When an extortion letter to the maker of Tylenol was traced to a man named James M. Lewis, state and federal investigators worked to connect Lewis to the killings.
Despite Lewis admitting to the extortion letter; despite his criminal history, including a previous arrest for murder that was dismissed; and despite the blueprints he provided for how the Tylenol killings could have been accomplished, Lewis was never charged with the murders themselves and has always contended he never committed them, including during an interview I did with Lewis in 1992. On Wednesday, Lewis posted this on his updated website: "For 28 years, every time anyone asked the Tylenol investigators, 'how's the investigation going?' they always responded, 'We have a suspect. His name is James Lewis.'" Watch Chuck Goudie's 1992 interview with Lewis
Indeed, a confidential U.S. Parole Commission report stated in 1989 that "Lewis was the Tylenol murderer" based on information considered by the Justice Department commission. But Lewis was never charged with the murders-only the extortion that followed.
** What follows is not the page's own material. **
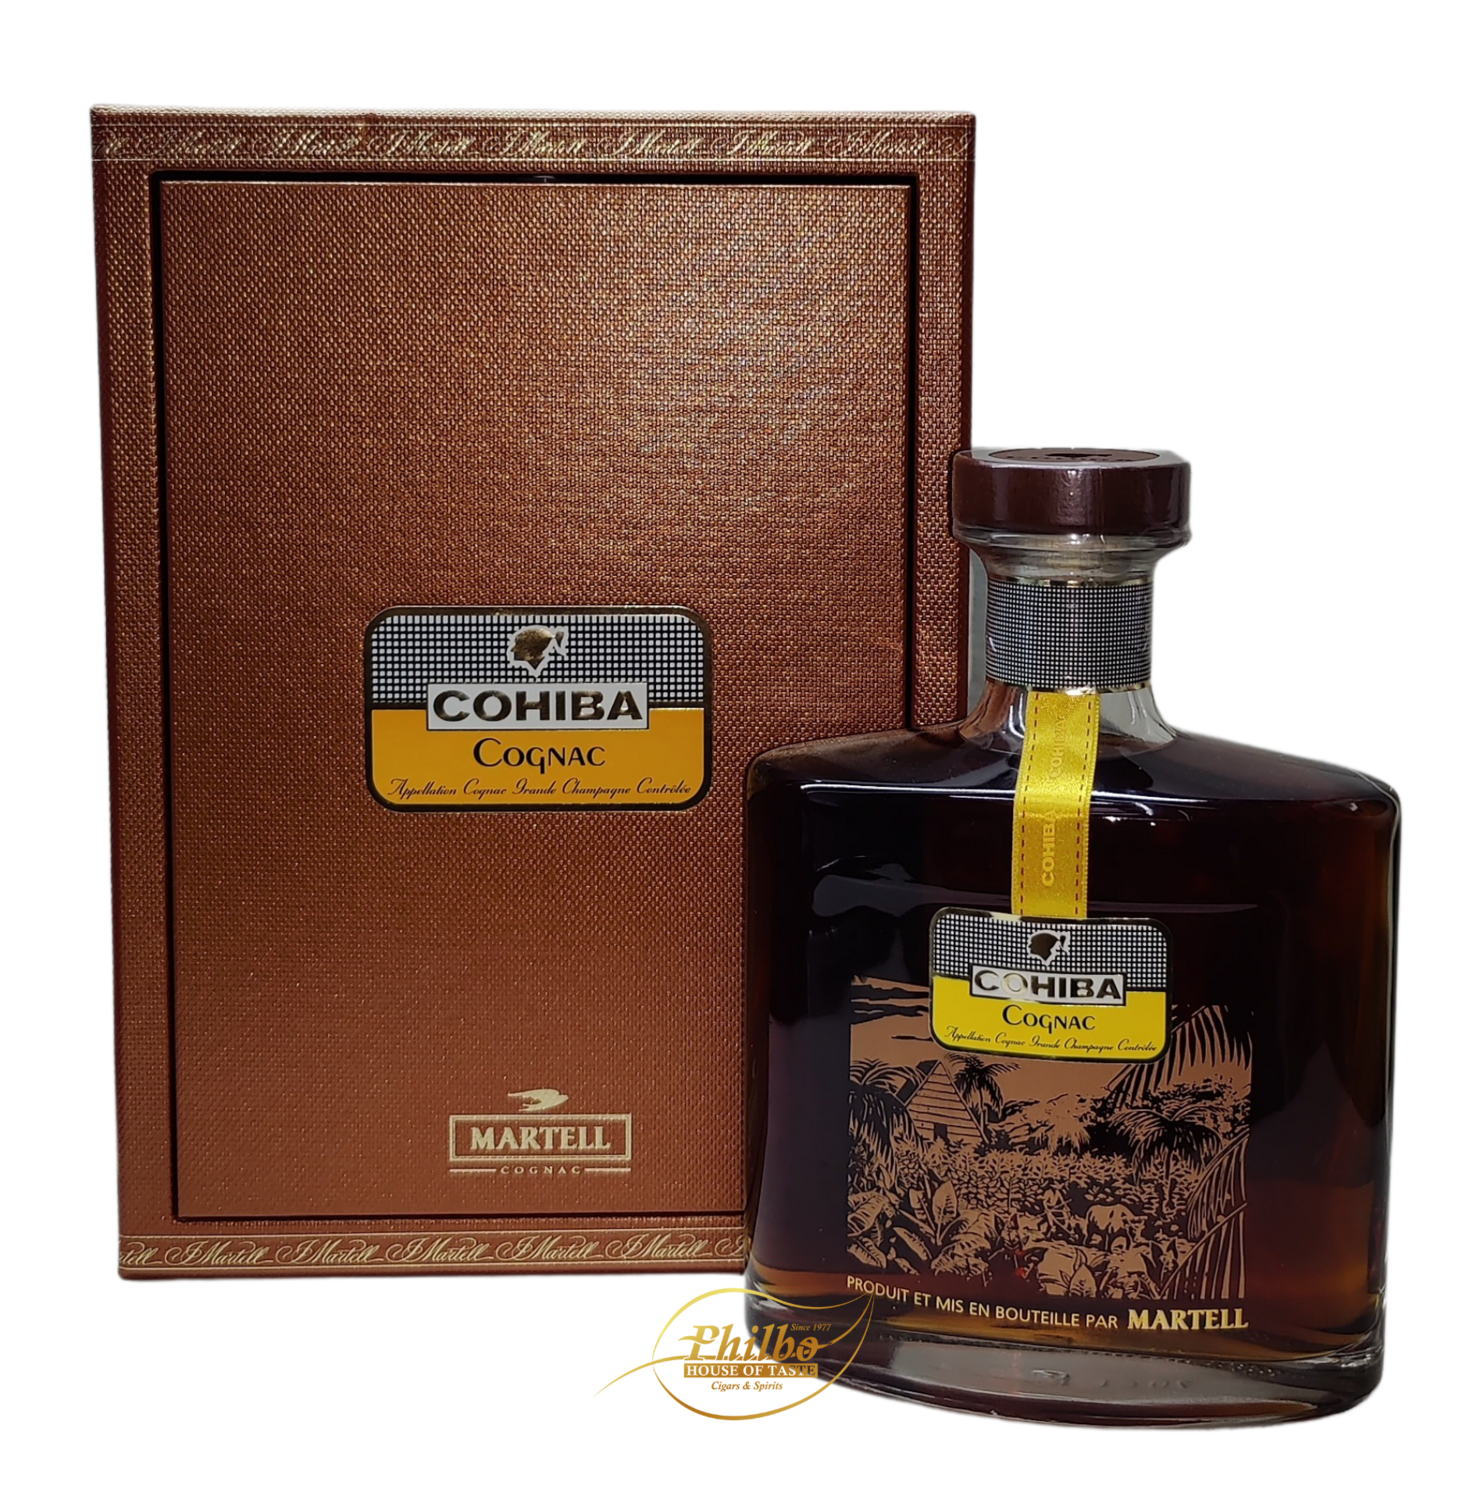 Martell Cohiba Cognac 70cl 43%

It has been more than a year and a half since FBI agents searched the apartment outside Boston where Lewis and his wife Leann live. They removed personal records and a computer.
On Wednesday, 28 years after the start of the Tylenol killings, FBI spokesman Ross Rice told the I-Team, "our investigation is still ongoing…no arrests have been made or criminal charges filed."
On Lewis' website Wednesday he continues to say that "Tylenol investigators have botched case." And speaking in third person, he writes that it is "impossible for Lewis to have been the murderer."
James Lewis has always contended that he was in New York at the time of the killings. Investigators then-and now-still consider him the one and only suspect, saying he committed not only the million dollar extortion attempt of Johnson and Johnson in 1982, but also the murders themselves.
The I-Team left a message at Mr. Lewis' home in Cambridge, Massachusetts but he didn't return the call.